Farmers say that poisoned ground can take months to recover. Mr Urrea says
coca was his only source of cash. The nearest city is Mocoa, 12 hours away
down a rutted singe-lane road, and transport costs make most legal crops
unprofitable to grow.
In some regions, the government has signed pacts promising emergency food
aid and long-term development assistance for farmers who tear up their own
crops.
Officials describe the Guamuez valley as a vast network of industrial coca
plantations financed and managed by drug dealers. Locals disagree.
"It's not one person with a huge plantation, it's a chain of little crops,"
said Alfonso Martinez, a former mayor in the town of La Hormiga.
"The government has never had a serious social policy in the Putumayo - and
they still don't. Two months after they fumigated we still haven't seen any
aid," he said, warning that some peasants, despairing of government aid,
were already replanting their illegal crops with a new strain of high-yield
Peruvian coca.
"There has been a delay, but that's because we're setting up a social
programme which is unprecedented in Colombia. We really believe we can
solve Putumayo's problems," said Gonzalo de Francisco, who is in charge of
Plan Colombia's social development programmes.
At today's meeting in Washington, Mr Pastrana is expected to ask the US for
up to $500m a year in extra financial assistance, and trade preferences to
help bail out the struggling Colombian economy.
With unemployment nudging 20%, he believes that the anti-narcotics campaign
and peace talks with Farc both depend on social investment. He has warned
that without greater investment in drug-producing regions, poor Colombians
will continue to work in the drugs trade or sign up with the armed factions
which have perpetuated Colombia's 37-year civil war.
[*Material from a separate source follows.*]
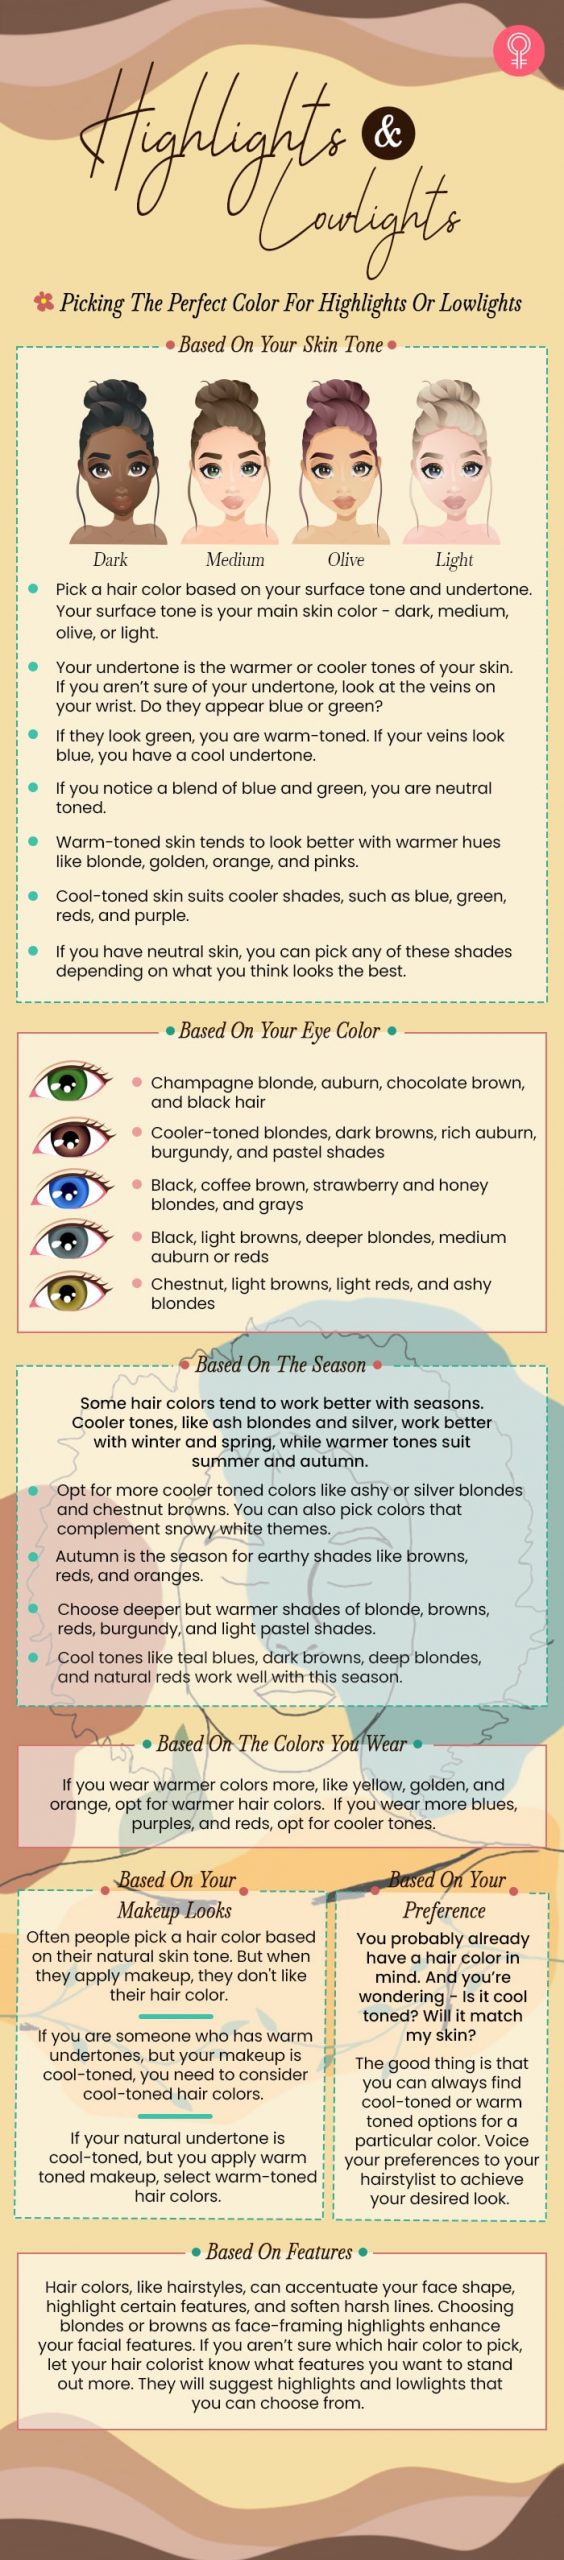 how to pick the perfect color for highlights or lowlights (infographic)

Most of the first tranche of US aid went towards helicopters, equipment and
training for the elite anti-narcotics army battalions leading the
fumigation drive.
Troops from the new battalions patrol the roads leading into the Guamuez
valley, but towns in the region are dominated by paramilitary groups. In La
Hormiga, militiamen with hand-guns in their waistbands keep watch in the
town square.
Late last year the paramilitaries launched a campaign of massacres and
assassinations to drive out the Farc guerrillas, who had dominated the
region for decades. Their success helps explain the lack of guerrilla
resistance to the fumigation campaign in Putumayo.
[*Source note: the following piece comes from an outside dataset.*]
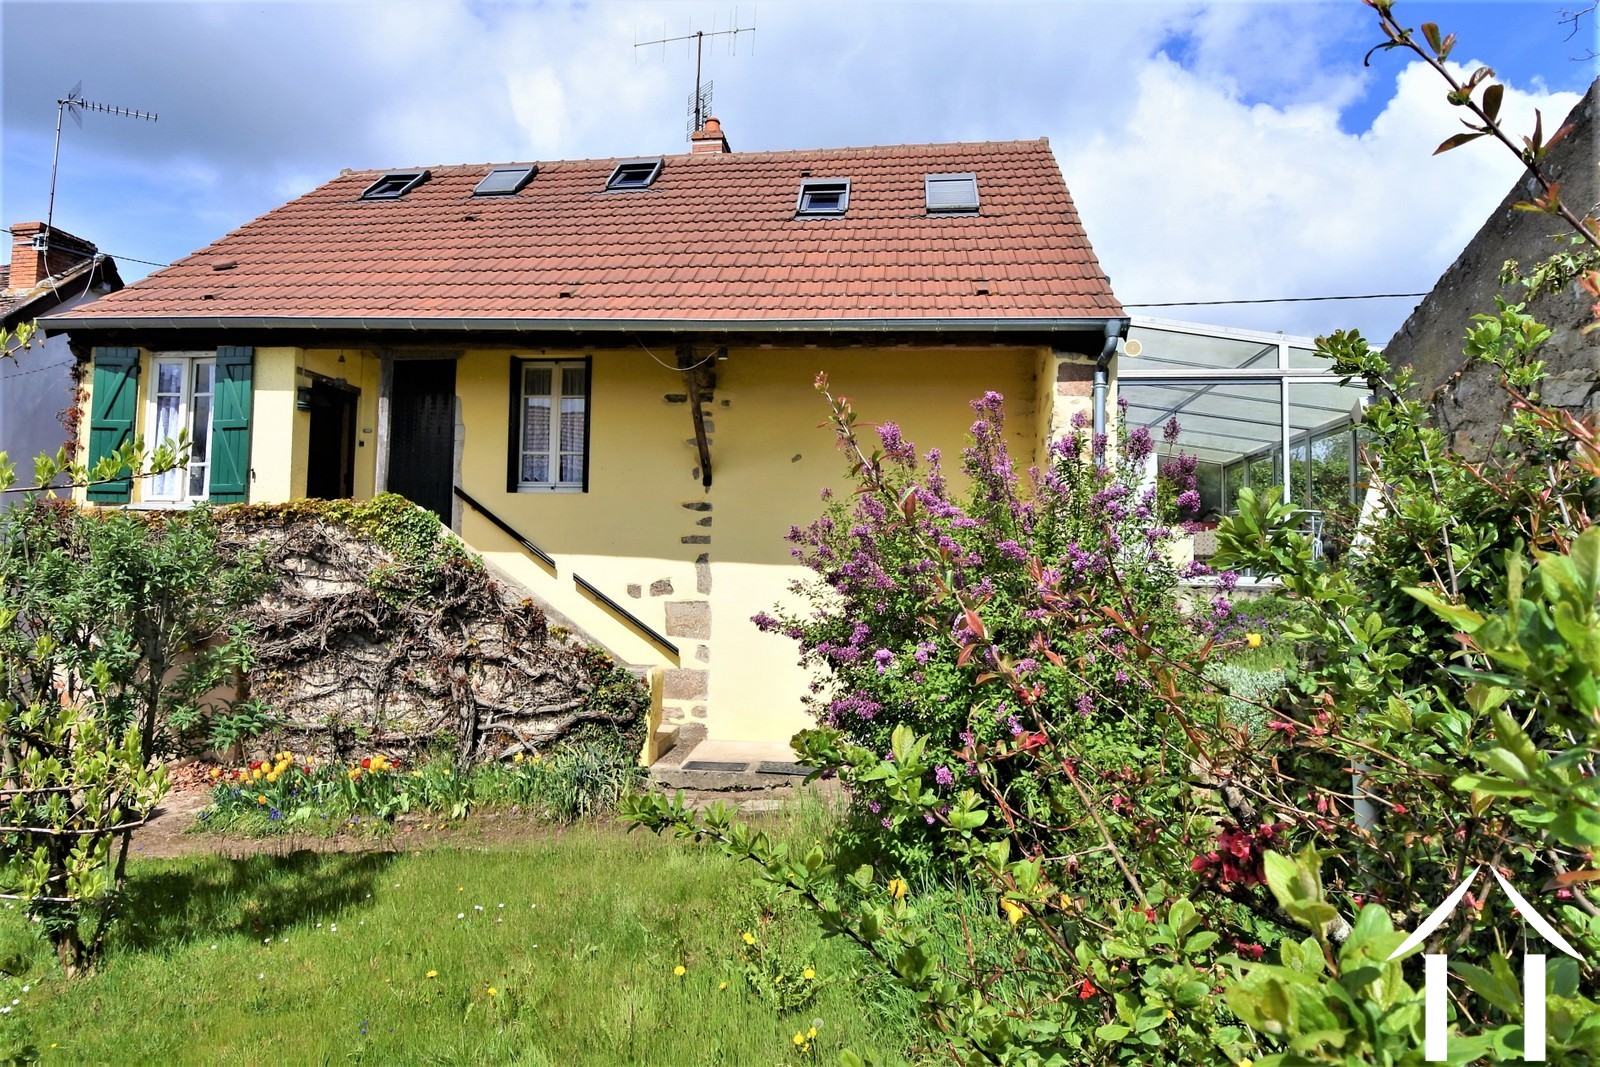 Quaint 2 bedroom stone house with small garden and a view

In rebel-dominated Caqueta state, however, fumigation sorties have come
under heavy ground fire, and last week an armed rescue unit - including US
civilian contract workers - braved guerrilla bullets to save the crew of a
downed police helicopter.
But the brunt of the anti-narcotics campaign has been borne by small
farmers and Indians, said German Martinez, a local ombudsman in the town of
Puerto Asis.
"If this is just about destroying coca crops and burning labs, no matter
the price, then it's a victory," he said. "But if you don't tackle the
social causes, the peasants will continue growing illegal crops. We
shouldn't just be eradicating coca - we should be eradicating poverty."